Use of hot-fill processing in conjunction with a horizontal form-fill-seal packaging system for rigid plastics presents an attractive way to take advantage of the efficiencies associated with cooking, sterilizing and packaging the food product on one platform. These high-speed platforms are designed to package a wide range of commercially prepared foods including single-serve condiments, jams & jellies and multi-pack pudding cups. Combining such individually complex processes increases the demands and specifications of the packaging materials to withstand the process conditions and maintain package and product integrity. While hot-fill applications can be used with both pre-formed cups and form fill seal packaging, each method comes with inefficiencies and limitations, leading to a "rock and a hard place" scenario for brands seeking to develop applications and expand product lines utilizing the hot-fill processing method.

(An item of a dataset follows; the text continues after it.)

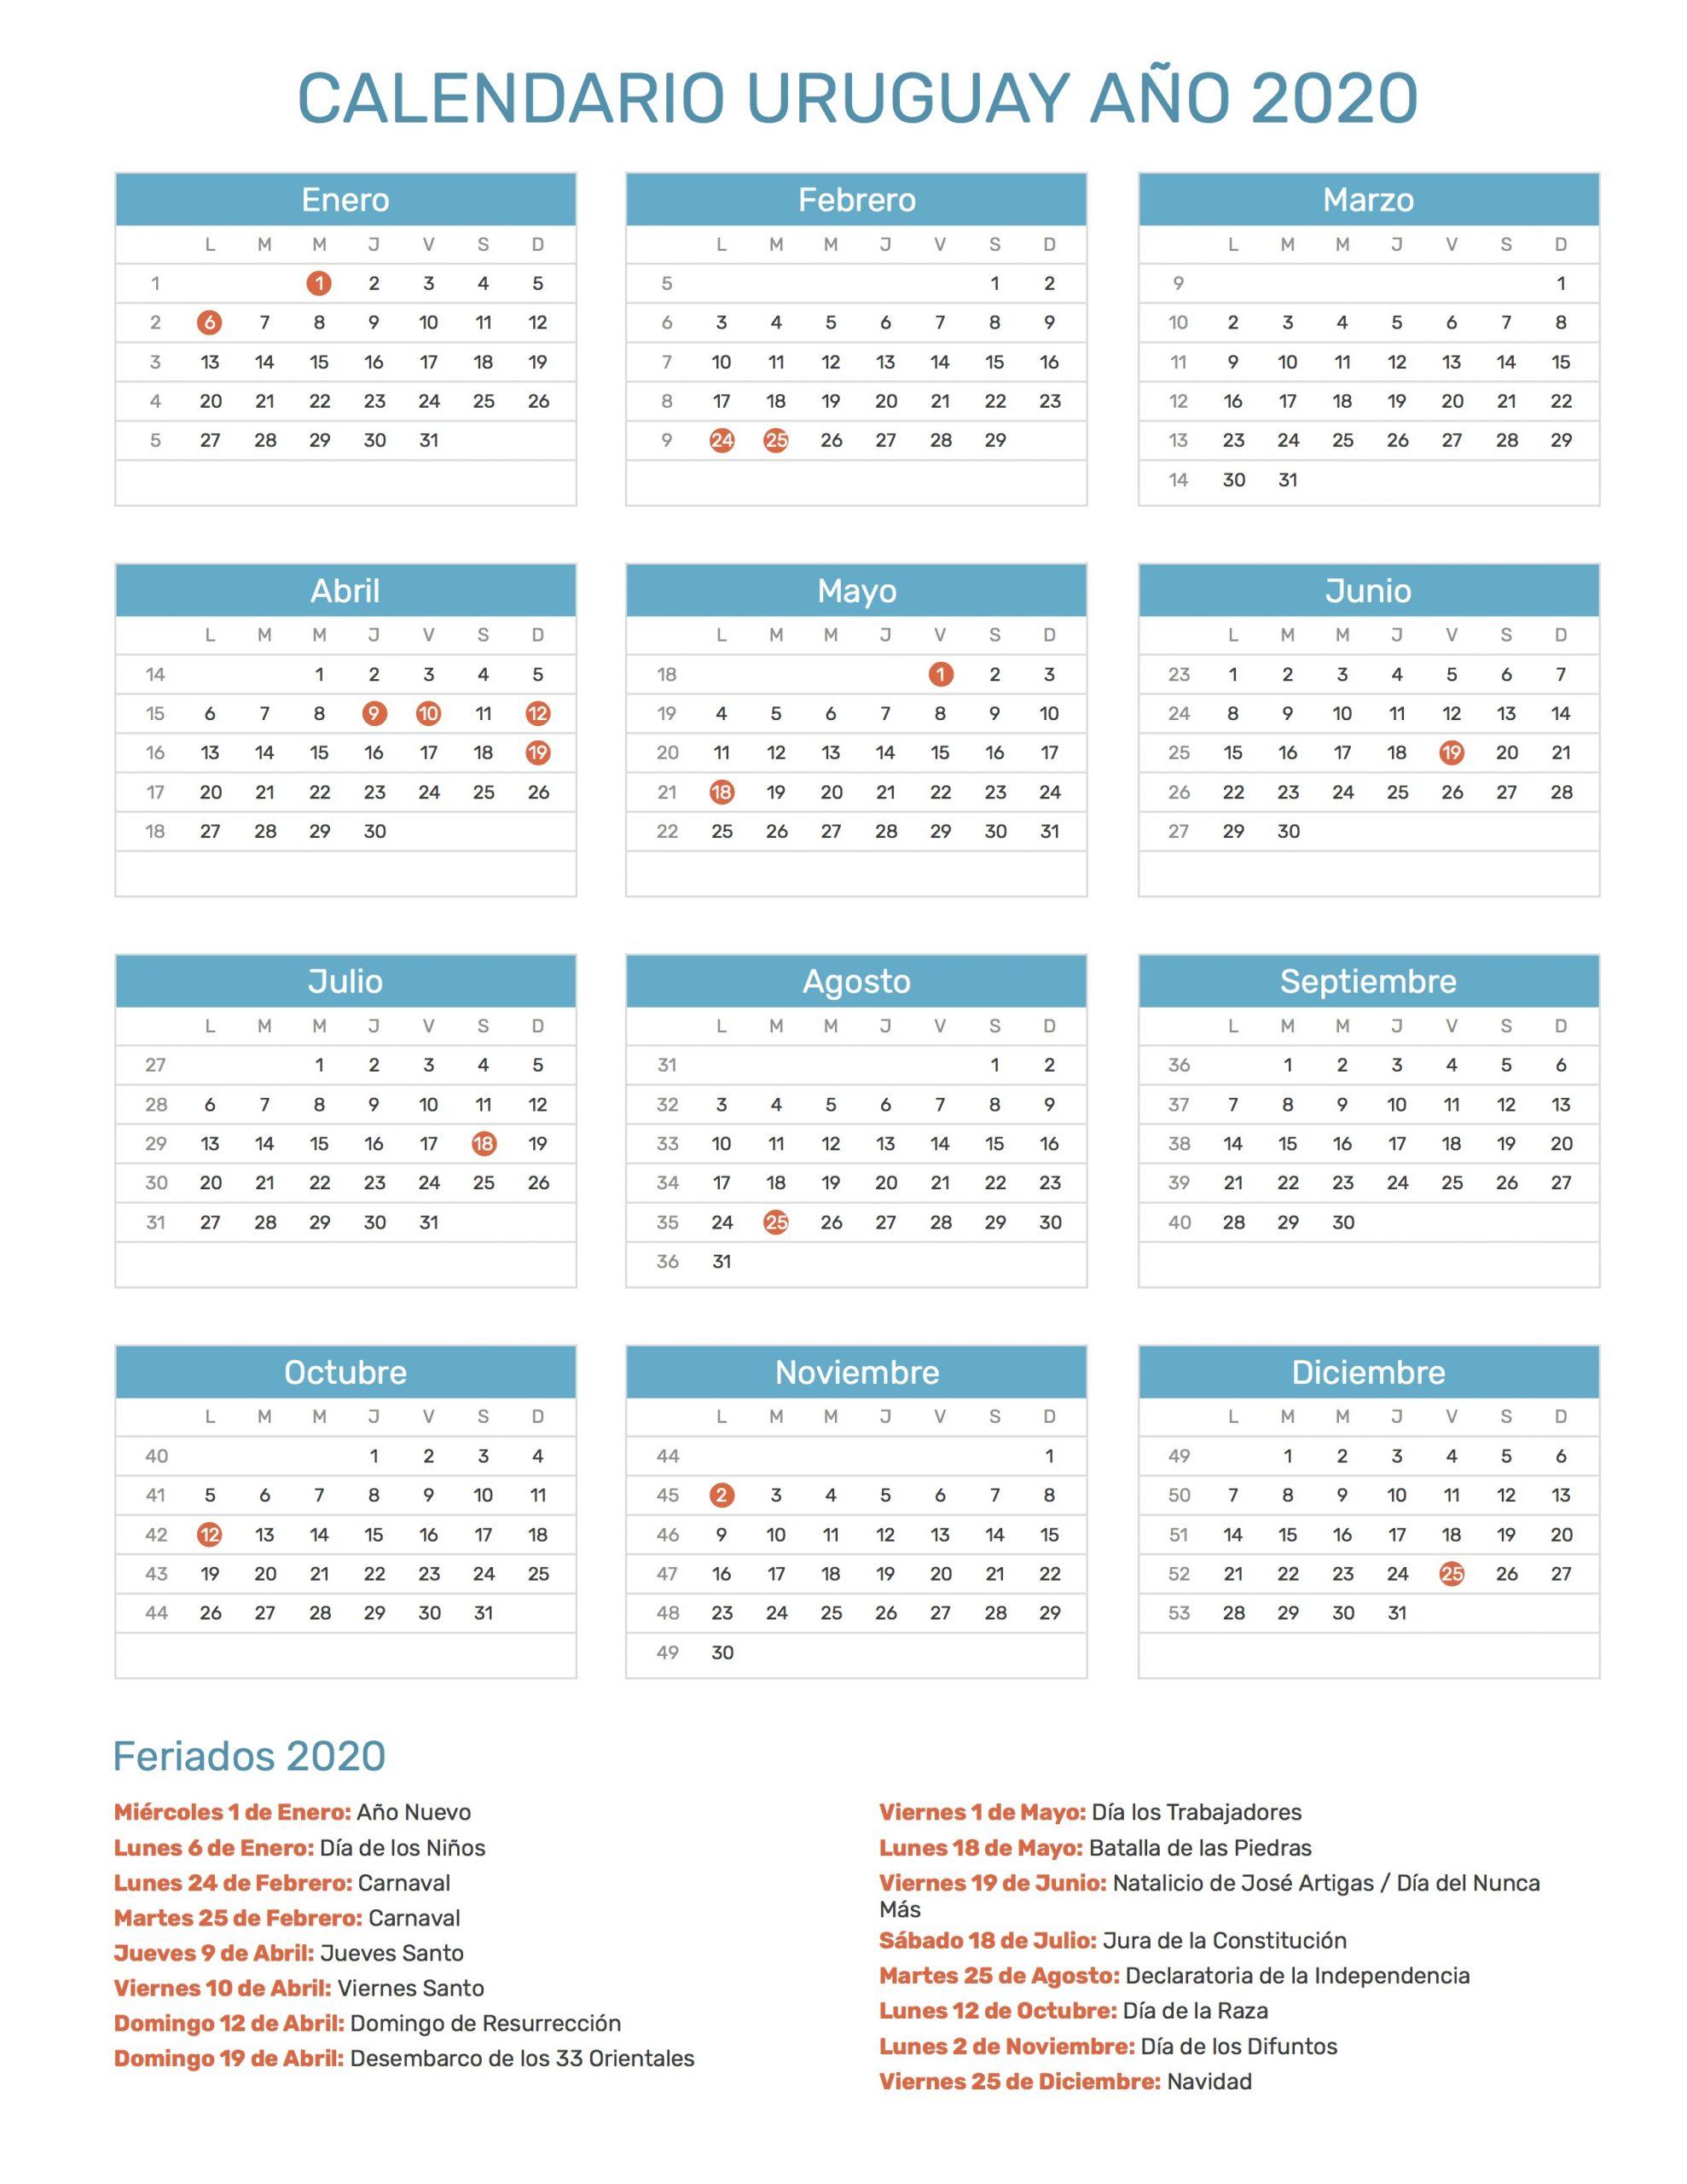 Calendario Juliano 2020 Pdf | Calendar Template Printable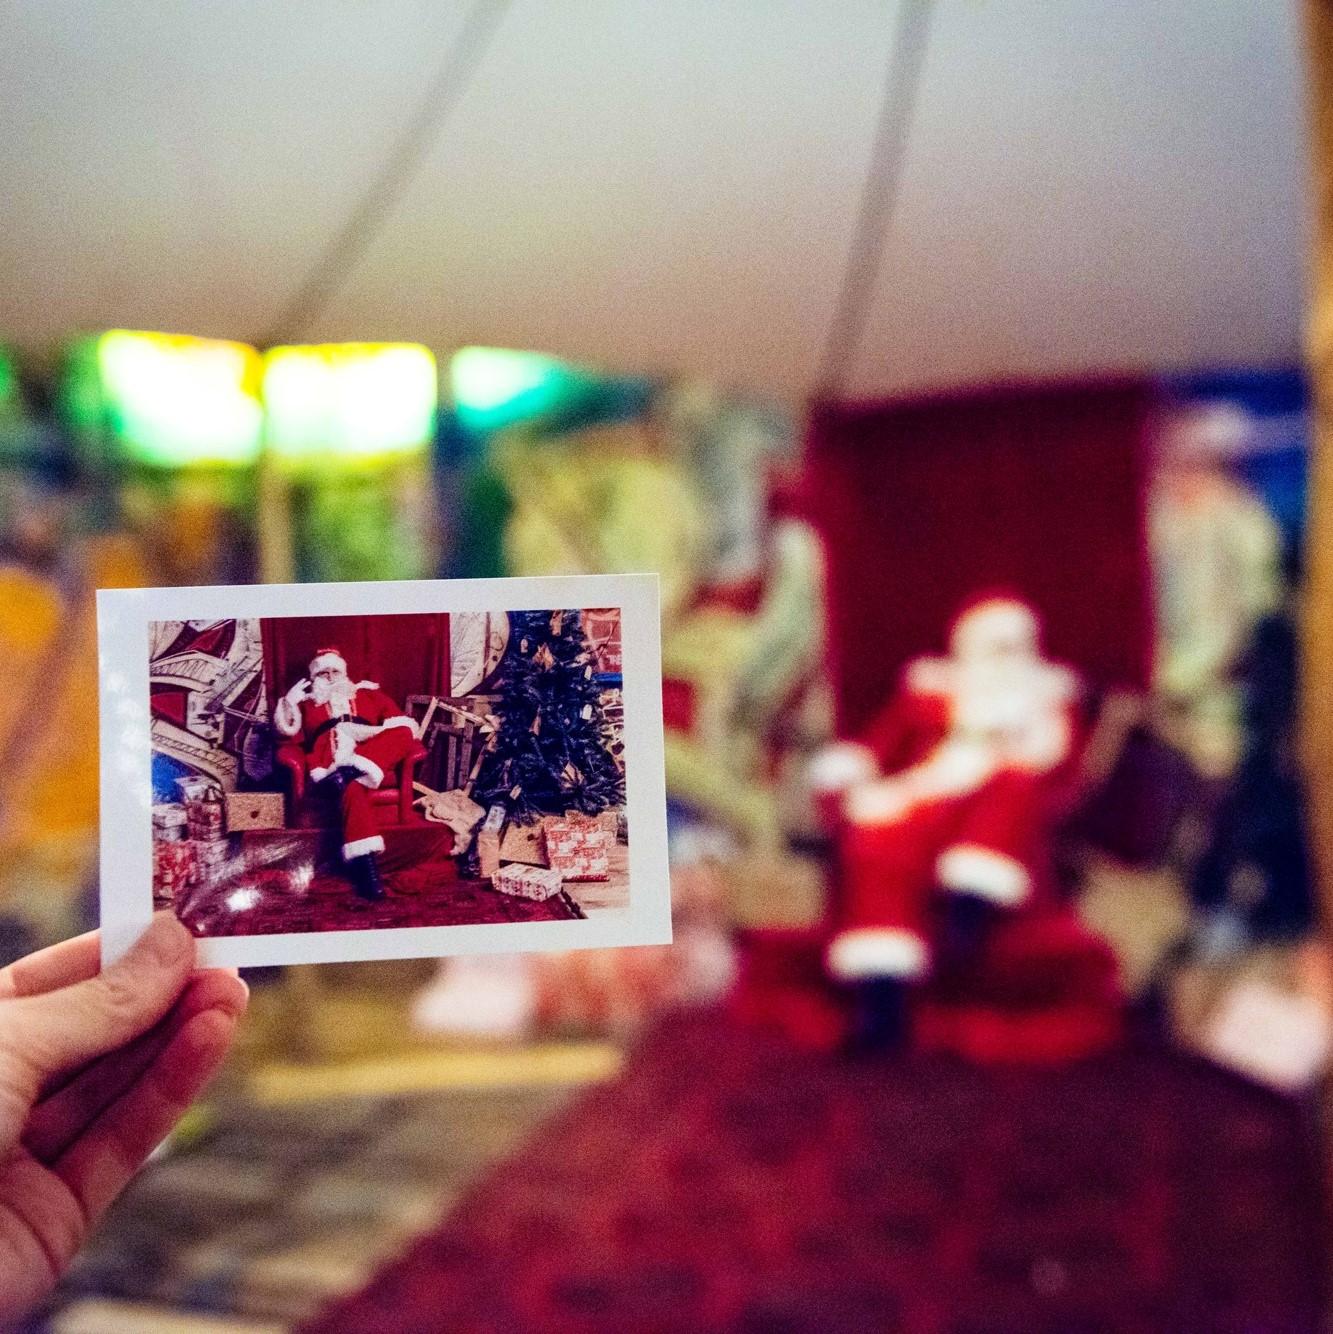 RENCONTRE AVECLE PÈRE NOËL - DATES :Samedi 15 décembre de 13h15 à 14h45Dimanche 23 décembre de 15h00 à 16h30LIEU : Yourte des enfantsNous avons l'immense honneur d'accueillir Monsieur le Père Noël en personne! Ne ratez pas l'occasion de venir le rencontrer avec vos enfants lors de sa promenade au sein du Marché et de sa visite dans la Yourte des enfants.

In FFS, material selection for hot-fill applications was confined to multi-layer barrier PS or PVDC coated PS structures because traditionally that was the only material that offered compatibility with form-fill-seal platforms. However, the lower temperature range of PS in comparison to PP not only limits the range of food applications that can be processed, but can also slow down line speed and lead to process inefficiencies. In addition, as sustainability goals and targets have been brought to the forefront of packaging discussions, continued use and new product development with these materials presents a challenge from a recycling perspective for brands looking to achieve 2025 sustainability goals and commitments.
To combat the temperature & sustainability limitations of PS, the majority of hot-fill applications have transitioned to pre-formed cups produced from a polypropylene barrier structure. While this method results in recyclable packaging and expands the range of compatible food products, use of pre-formed cups results in logistics and production inefficiencies, and ultimately added cost in comparison to use of the high-speed form-fill-seal process.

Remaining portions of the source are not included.